> **PROBLEM TO WORK ON**
Without any pictures, retype exactly the lines that begin at the one holding "Bác rác thải" and end at the last line of the data below.

*** ENTRIES SUPPLIED

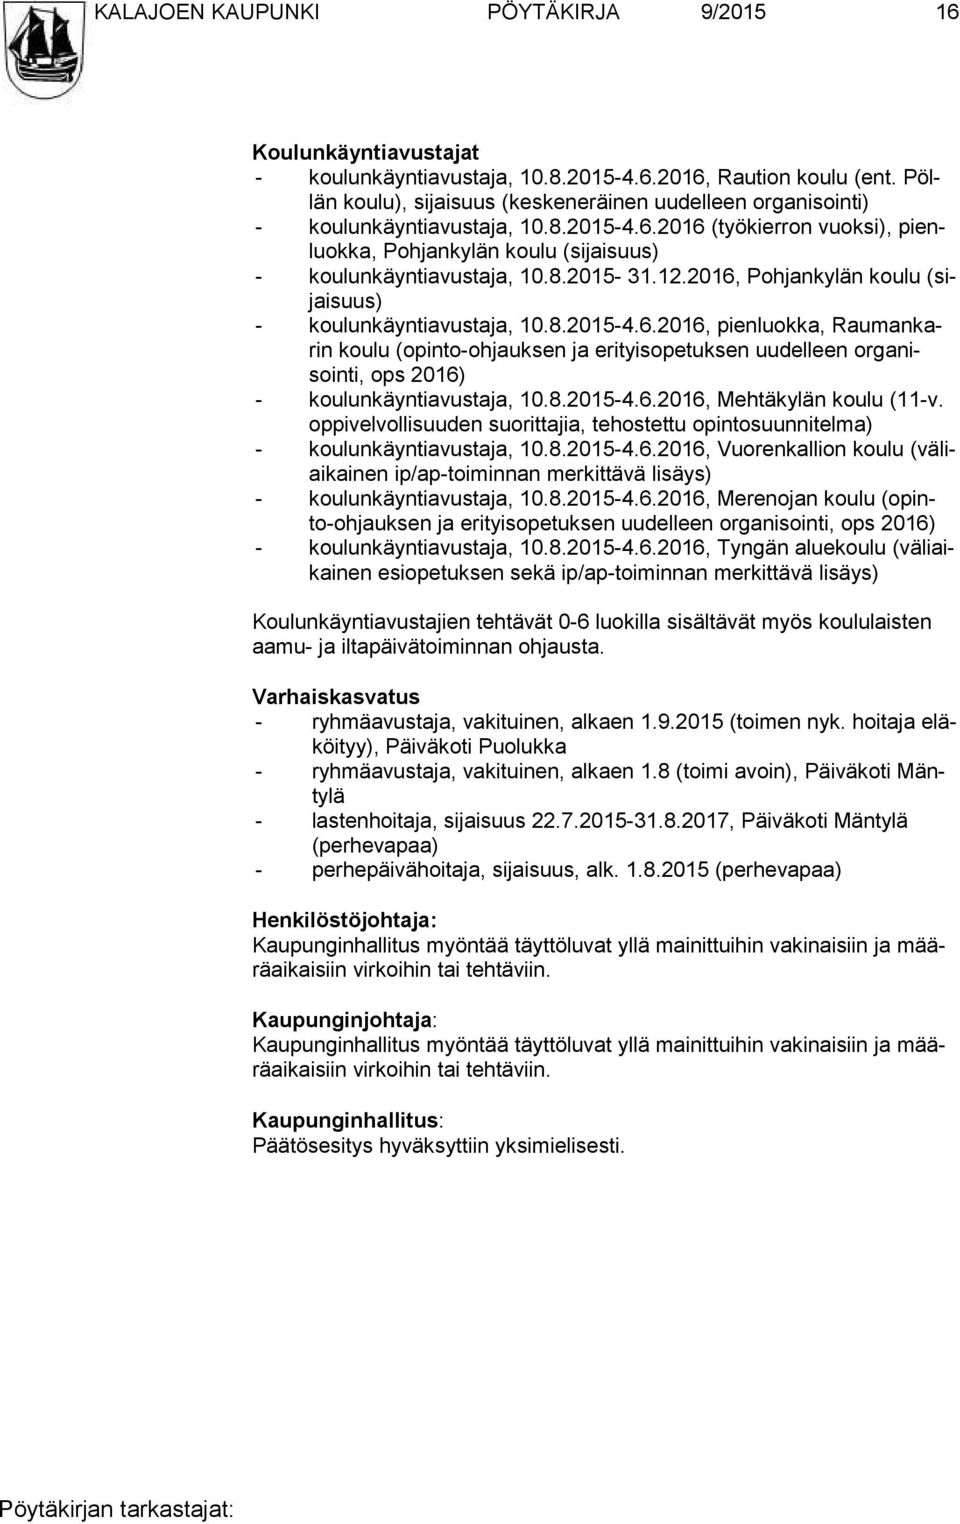 12.2016, Pohjankylän koulu (sijai suus) - koulunkäyntiavustaja, 10.8.2015-4.6.2016, pienluokka, Rau man karin koulu (opinto-ohjauksen ja erityisopetuksen uudelleen or ga nisoin ti, ops 2016) - koulunkäyntiavustaja, 10.
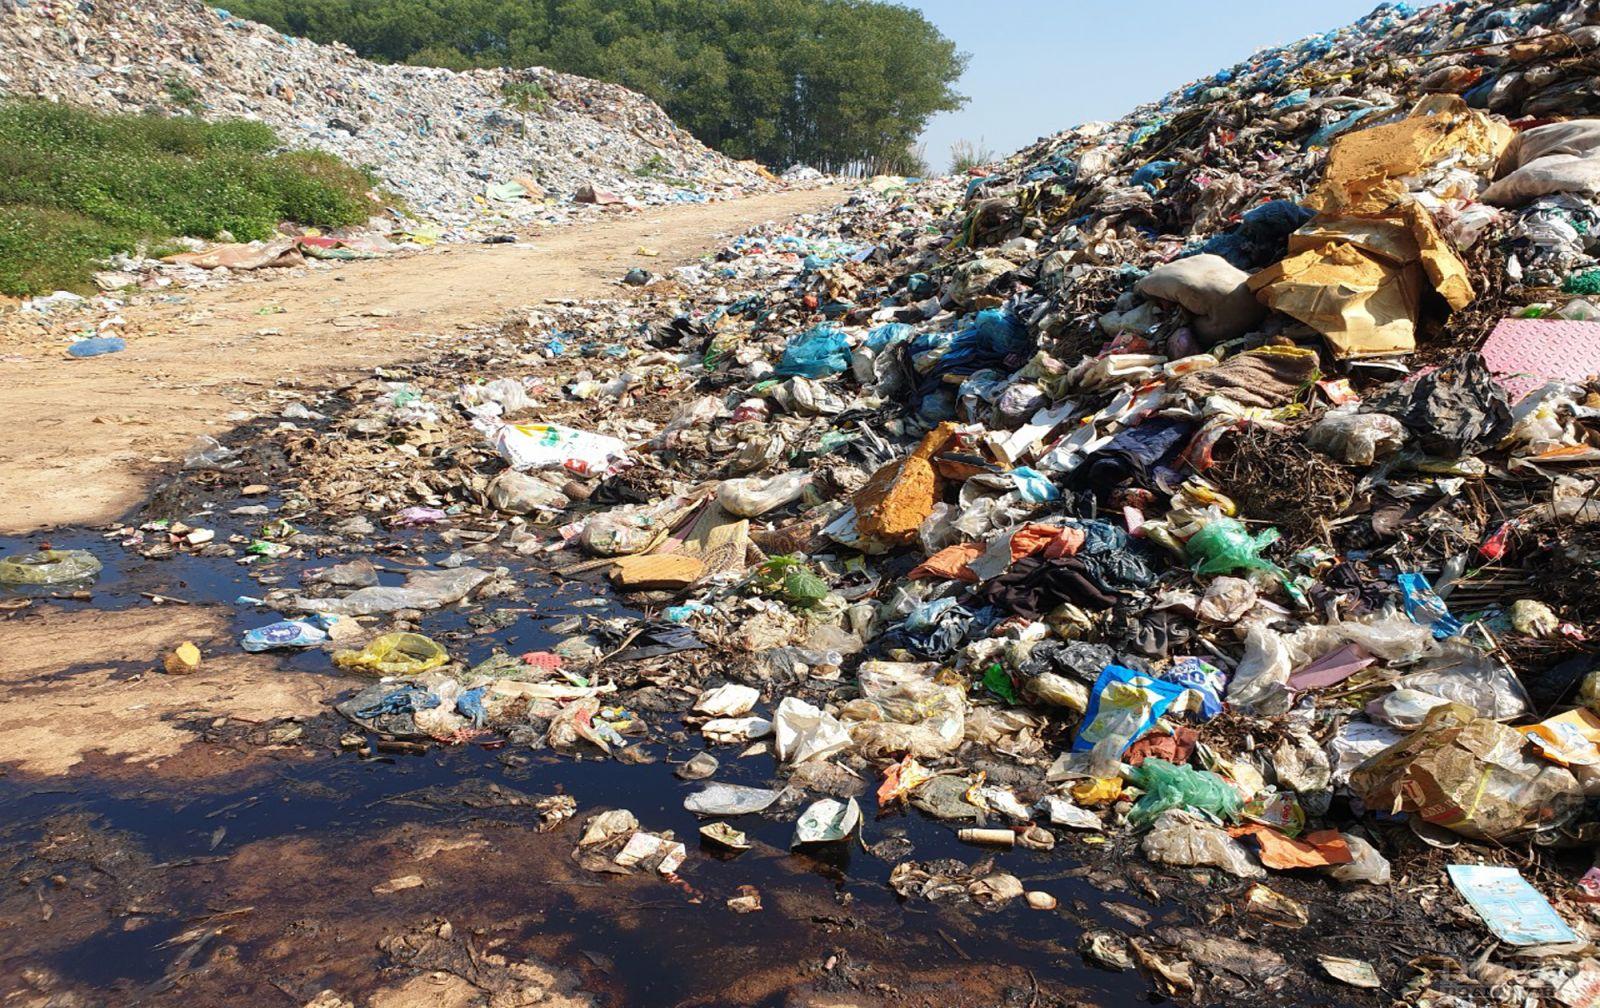 Bác rác thải ở phường Long Sơn, TX Thái Hòa mặc dù đã có dấu hiệu của sự “quá tải” nghiêm trọng, được chất đống thành “núi”, nước rỉ rác chảy lênh láng khắp nơi dù trời nắng
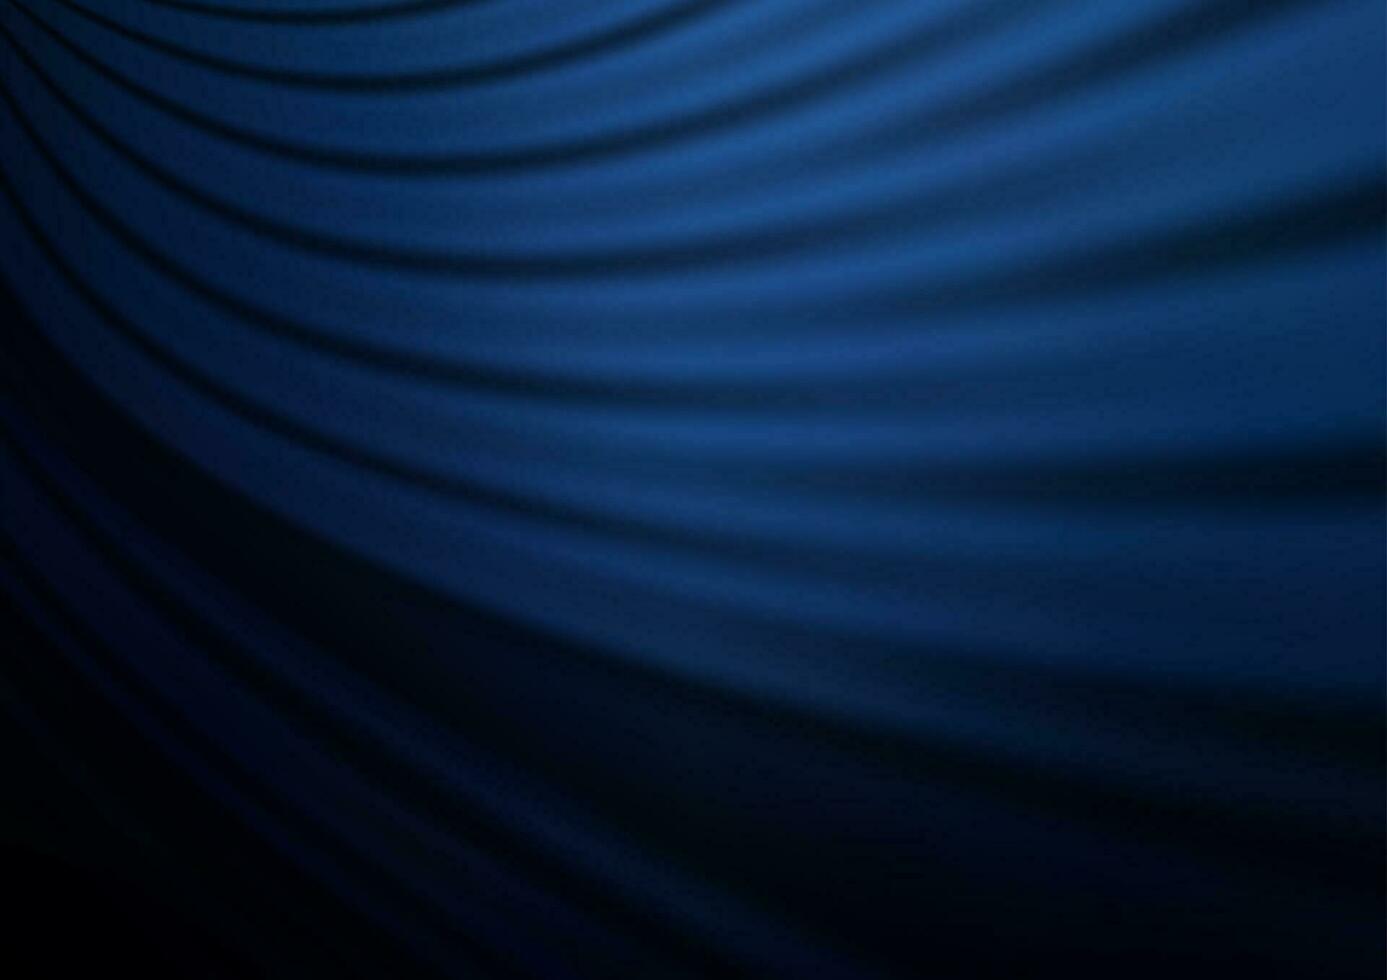 modelo brilhante abstrato azul escuro do vetor. vetor
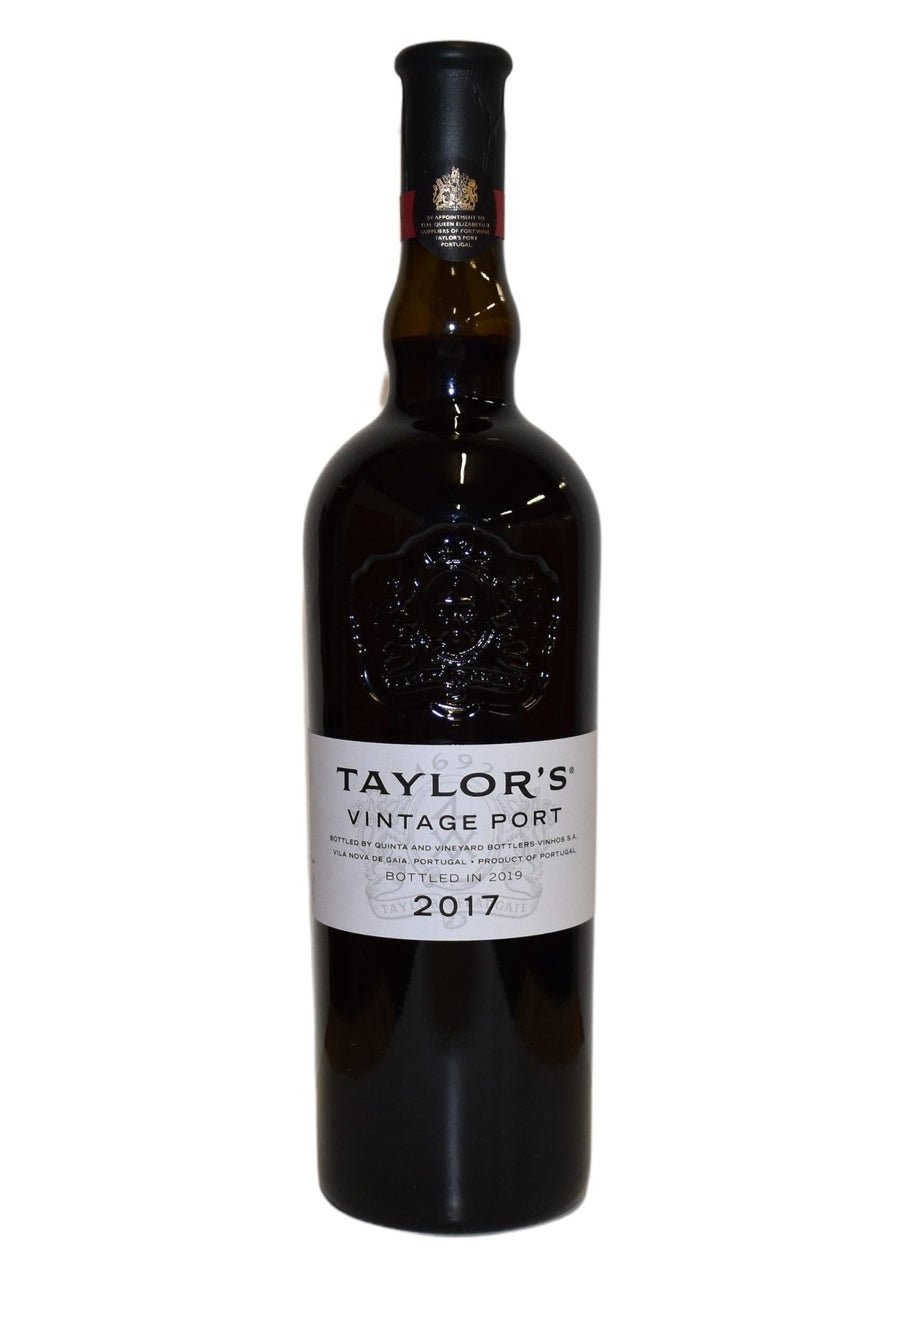 Eine Flasche Taylor's Vintage 2017 0,75l aus dem Jahr 2017.
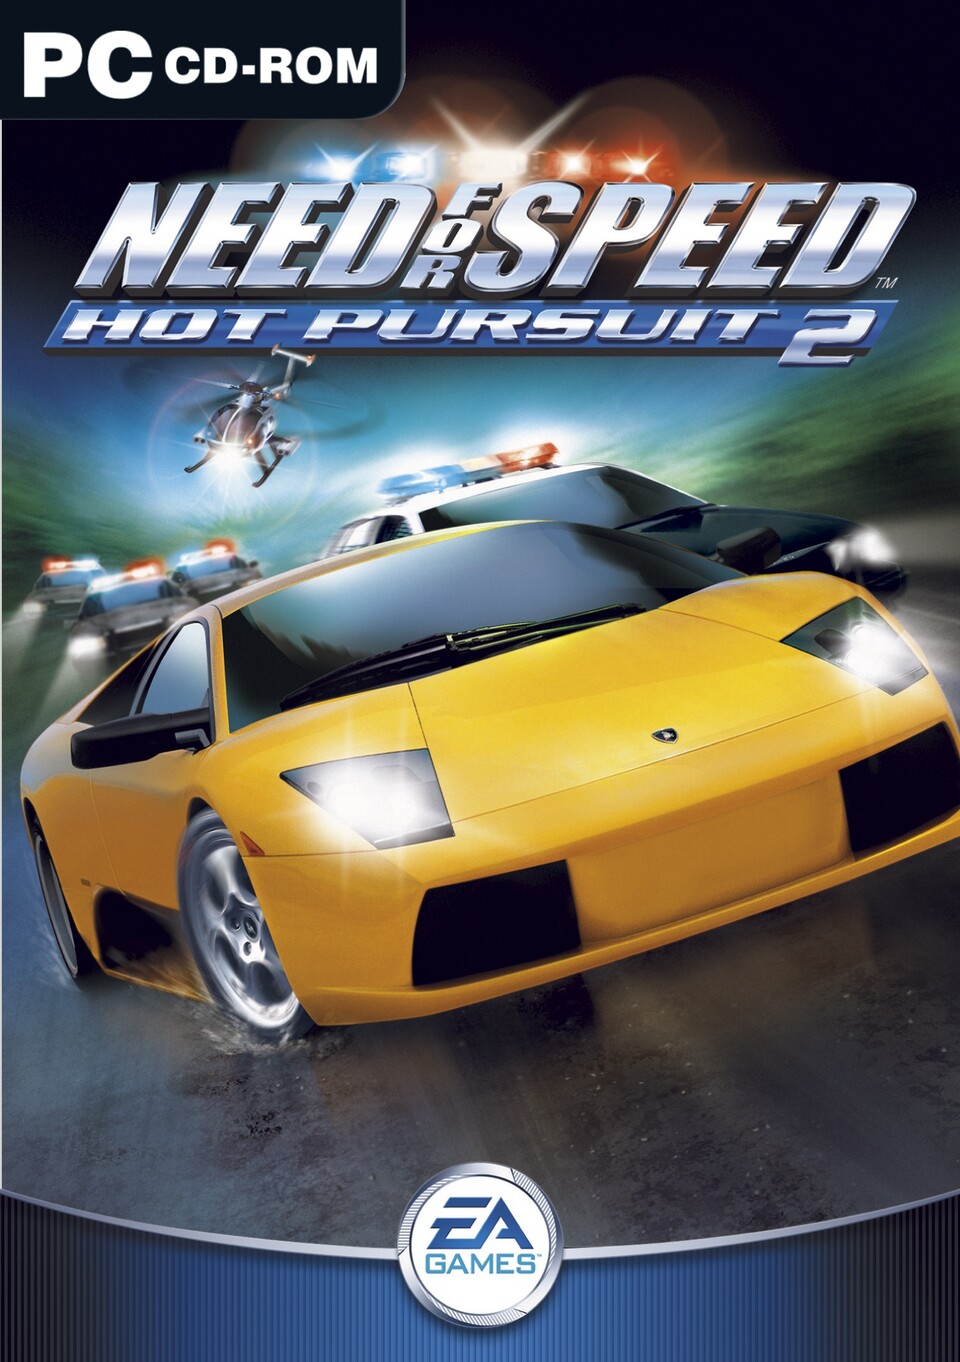 Hot Pursuit 2 erschien 2002 und bekam mit 86 Punkten die bis dahin höchste GameStar-Wertung für einen Need for Speed-Teil.
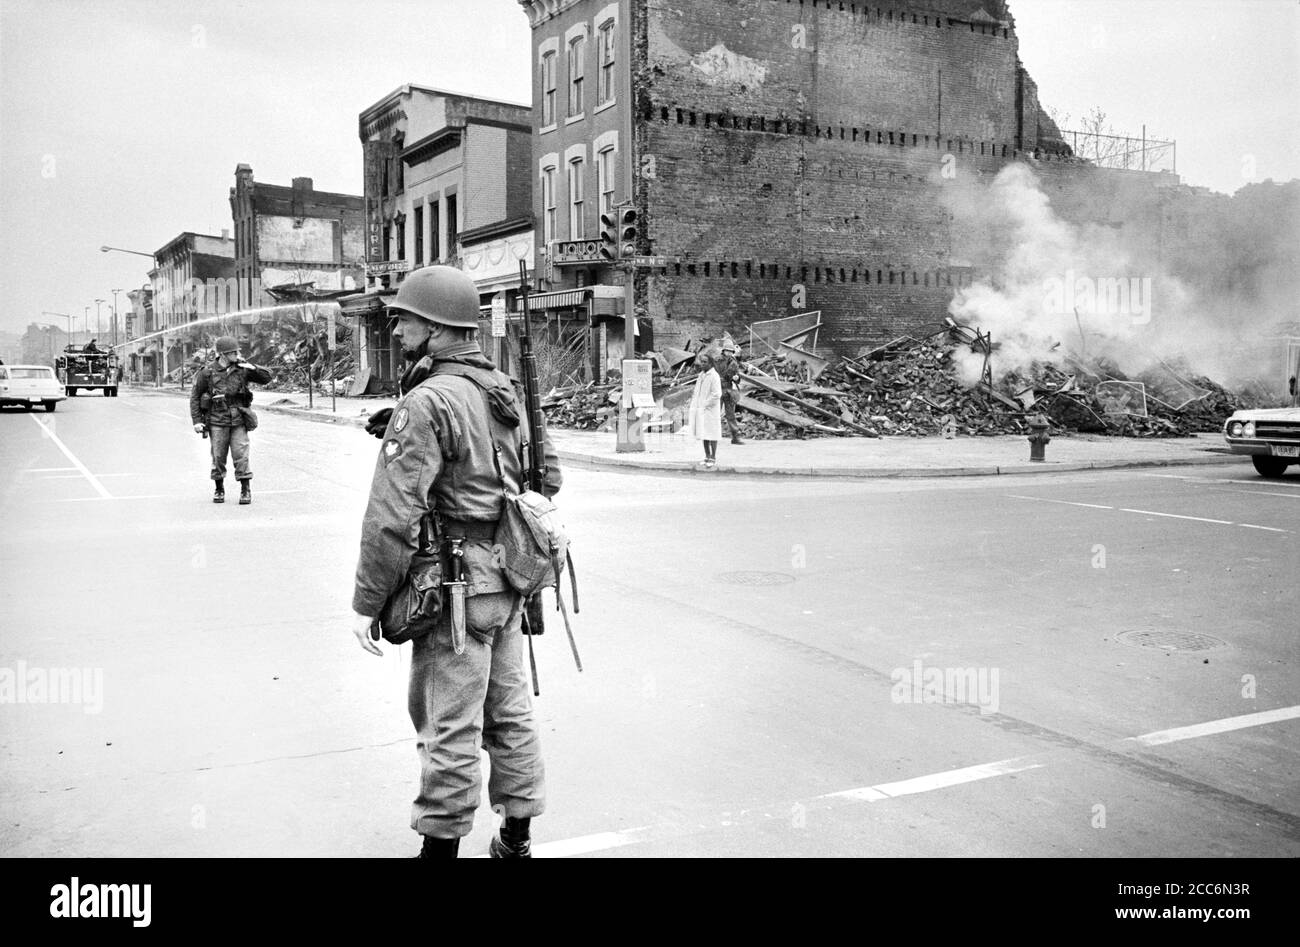 U.S. Soldat Wache in der Nähe von Ruinen von Gebäuden zerstört von Krawallen nach Dr. Martin Luther King Jr, Attentat, 7th and N Street, N.W., Washington, D.C., USA, Warren K. Leffler, 8. April 1968 Stockfoto

******

> **EXPECTED ANSWER**
 Bác rác thải ở phường Long Sơn, TX Thái Hòa mặc dù đã có dấu hiệu của sự “quá tải” nghiêm trọng, được chất đống thành “núi”, nước rỉ rác chảy lênh láng khắp nơi dù trời nắng
 modelo brilhante abstrato azul escuro do vetor. vetor
 Eine Flasche Taylor's Vintage 2017 0,75l aus dem Jahr 2017.
 Hot Pursuit 2 erschien 2002 und bekam mit 86 Punkten die bis dahin höchste GameStar-Wertung für einen Need for Speed-Teil.
 U.S. Soldat Wache in der Nähe von Ruinen von Gebäuden zerstört von Krawallen nach Dr. Martin Luther King Jr, Attentat, 7th and N Street, N.W., Washington, D.C., USA, Warren K. Leffler, 8. April 1968 Stockfoto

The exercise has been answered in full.